The provisions which I have described as self-operating have been included in the Bill on the basis that the Australian Parliament, as well as requesting and consenting to the United Kingdom legislation on this matter, should assert all powers open to it to achieve the same result. Clauses 4 and 6 (1) of the Bill are directed to the abolition of appeals from Australian courts other than the High Court. Clauses 5 and 6 (2) are directed to ensuring that Australian matters that are not appeals from courts shall not be referred to the Judicial Committee of the Privy Council. These clauses are intended to exclude resort to the Privy Council in cases of the kind that the States, according to reports, presently have under consideration. The Schedule to the Bill contains the terms of the legislation which we would expect the British Government to introduce in the British Parliament. Clauses 2, 3 and 4 are to the same effect as the clauses in our own Bill that I have just described to the House.

In connection with the petition on seabed matters which the States are reported to be contemplating, I should inform the House that I have sent a message to the British Prime Minister. The substance of that message is that the Australian Government considers it would not be appropriate for Her Majesty to refer any such petition to the Judicial Committee.

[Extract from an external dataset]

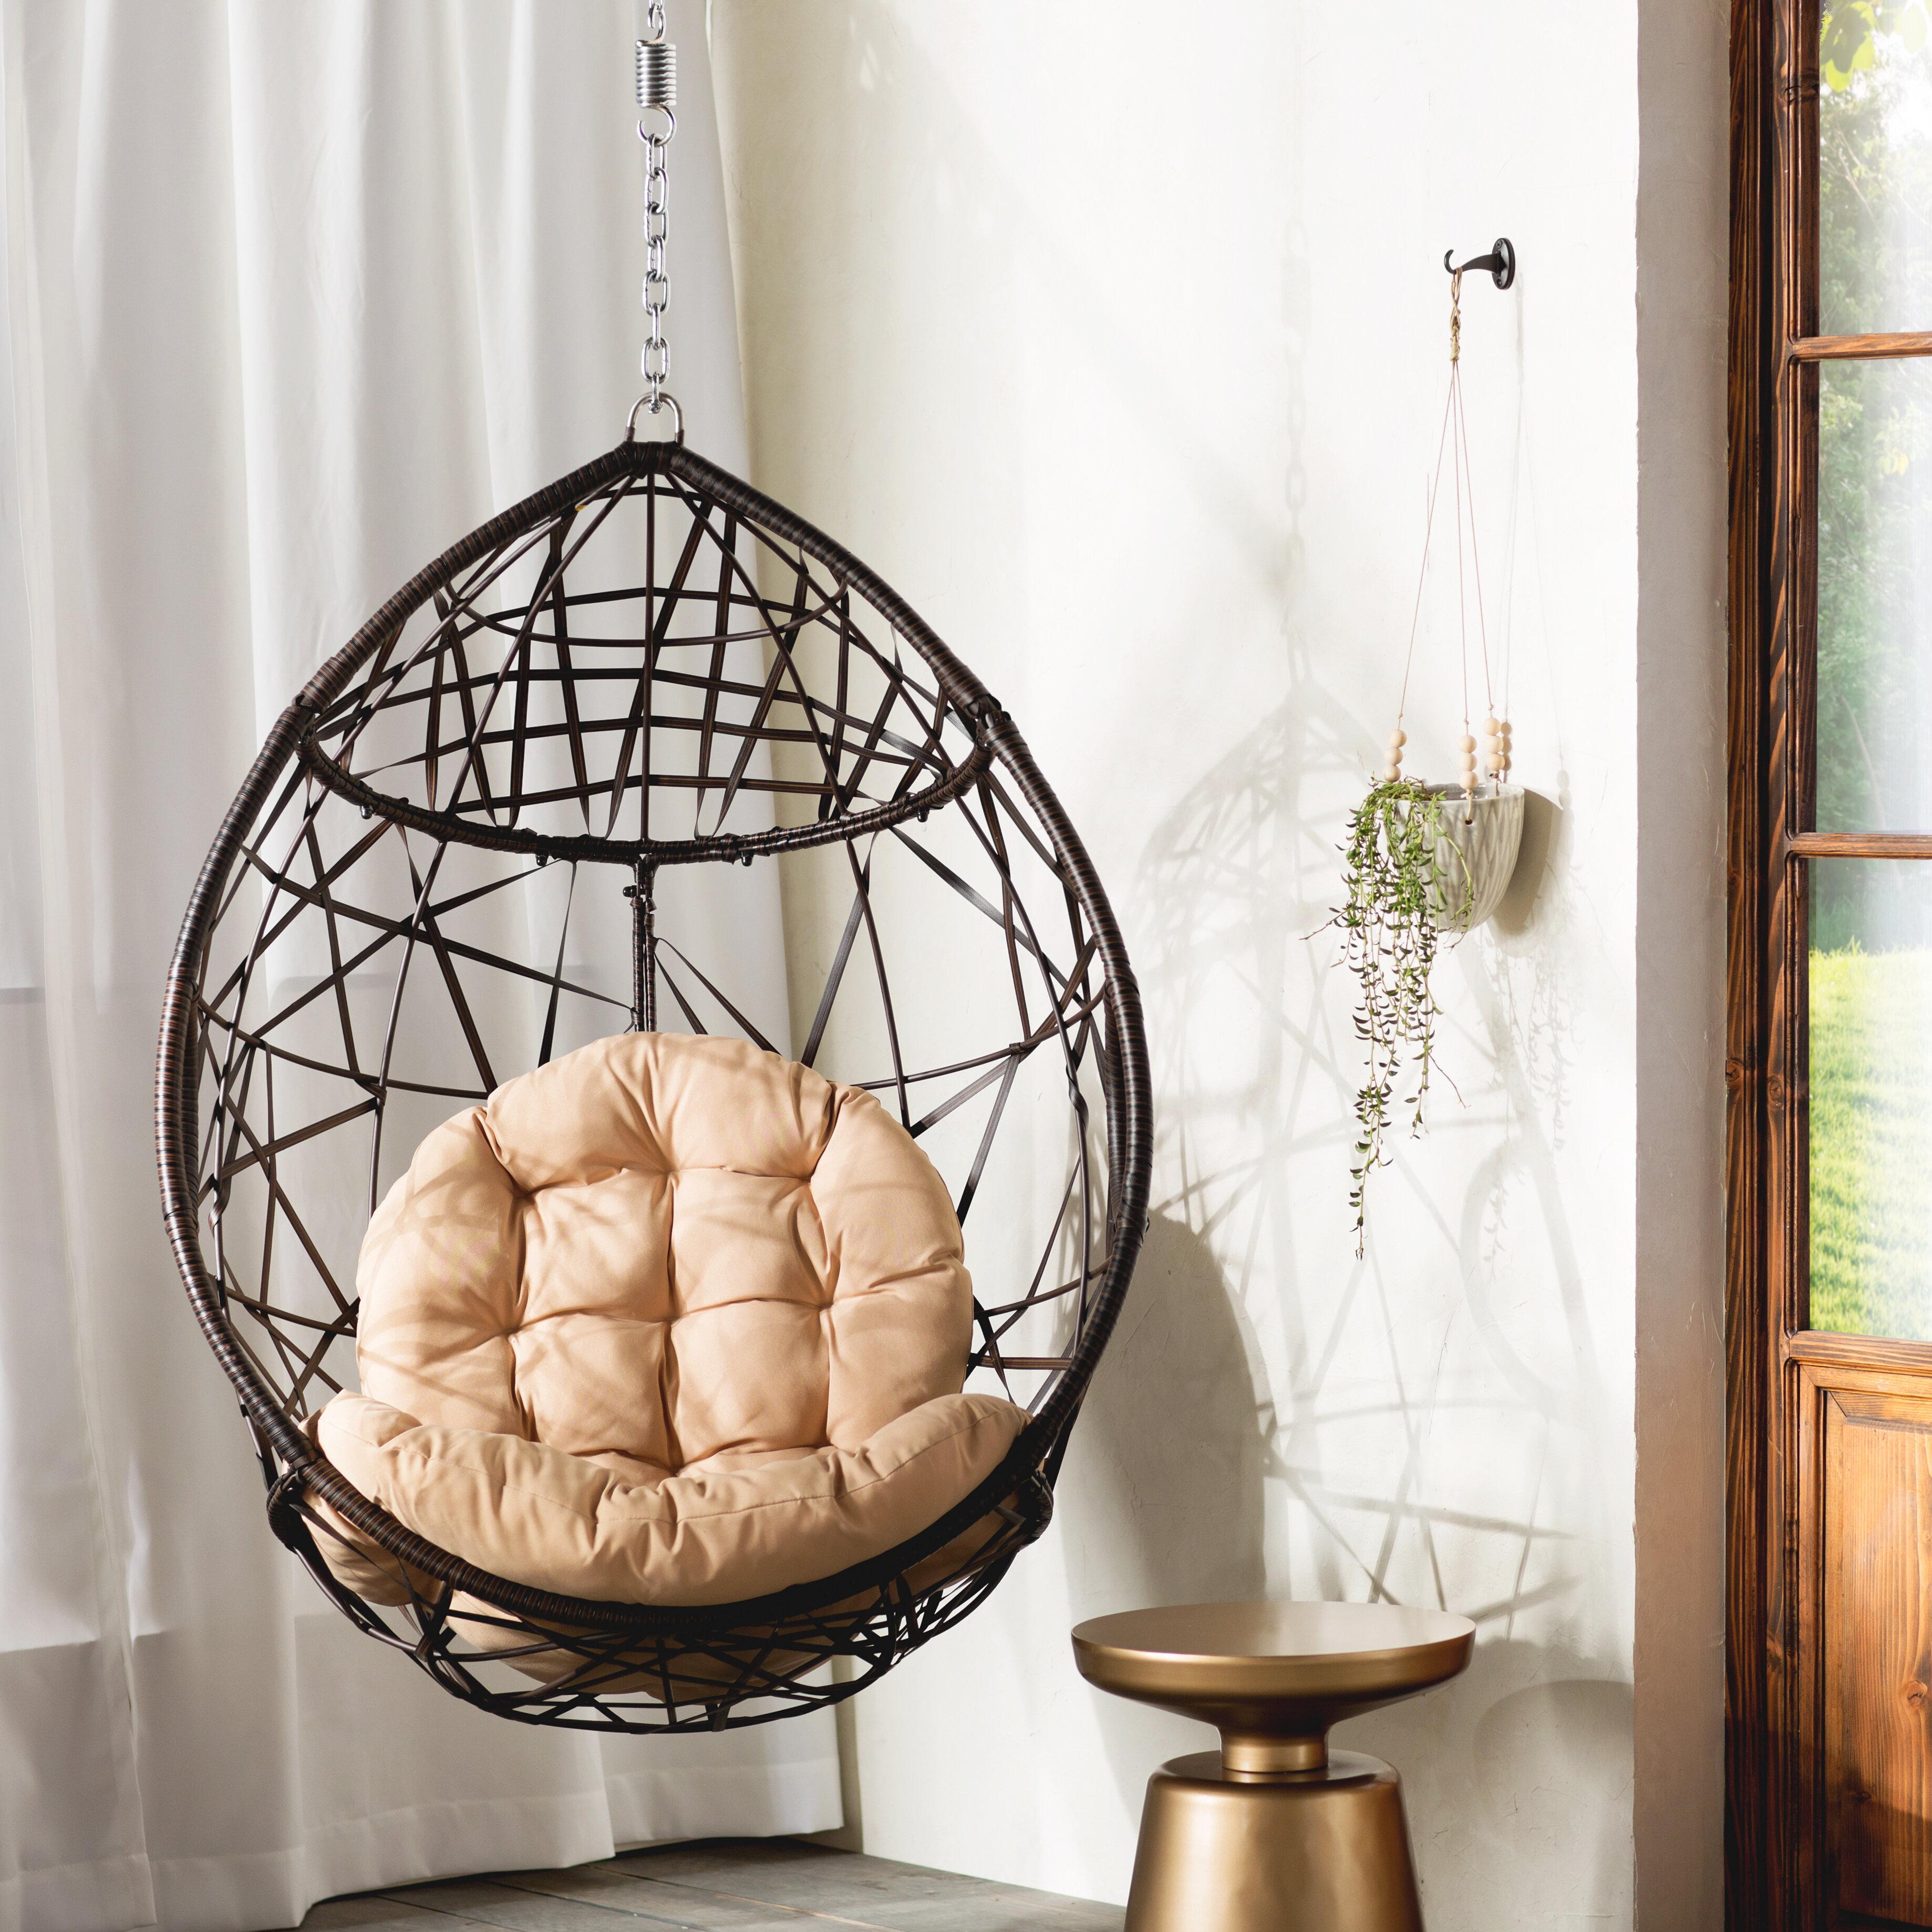 & Mistana Destiny Tear Drop Swing Chair with Stand u0026 Reviews | Wayfair

I made the point to the British Prime Minister that the provisions of section 4 of the Judicial Committee Act 1833, under which the States apparently propose to petition Her Majesty, will be included among the provisions that will be repealed when the British Parliament enacts its legislation on the request and consent of this Parliament. I added that this Parliament already has under consideration the Seas and Submerged Lands Bill which, when passed, will provide opportunity, if it is desired, for all relevant seabed questions to be determined by the High Court. The possibility of there being 2 streams of authority must be avoided. The proper forum for the determination of these important questions of Australian constitutional law is the High Court of Australia.

Mr Speaker,the second Bill is the Privy Council (Appeals from the High Court) Bill. This Bill completes, so far as the High Court is concerned, what the Privy Council (Limitation of Appeals) Act 1968 commenced. The Act of 1968 abolished appeals to the Privy Council from the High Court in all matters except purely State matters and the so-called inter se questions. The Constitution itself excludes appeals in respect of inter se questions excepting upon the grant of a certificate by the High Court. The High Court has granted only one certificate - and that in 1912. For all practical purposes there is no appeal to the Privy Council from the High Court in respect of inter se questions. As to appeals to the Privy Council from the High Court in State matters, the Australian Labor Party moved an amendment to the Bill of 1968 to remove altogether the right of appeal to the Privy Council from the High Court. The amendment was not accepted. What I have referred to as the second Bill completes the process that the Australian Labor Party would have liked to have seen completed when legislation was before the Parliament 5 years ago. Mr Speaker, I believe that by passing this Bill the Australian Parliament will demonstrate its view that the Australian courts can and should exercise the final judicial authority in this land.

Honourable members Hear, hear!


Mr WHITLAM - I appreciate the cries of support which come from all parts of the Chamber. We all know that in the High Court we have a Bench whose learning and authority are respected wherever English law runs. I commend the 2 Bills to the House.

Debate (on motion by Mr Snedden) adjourned.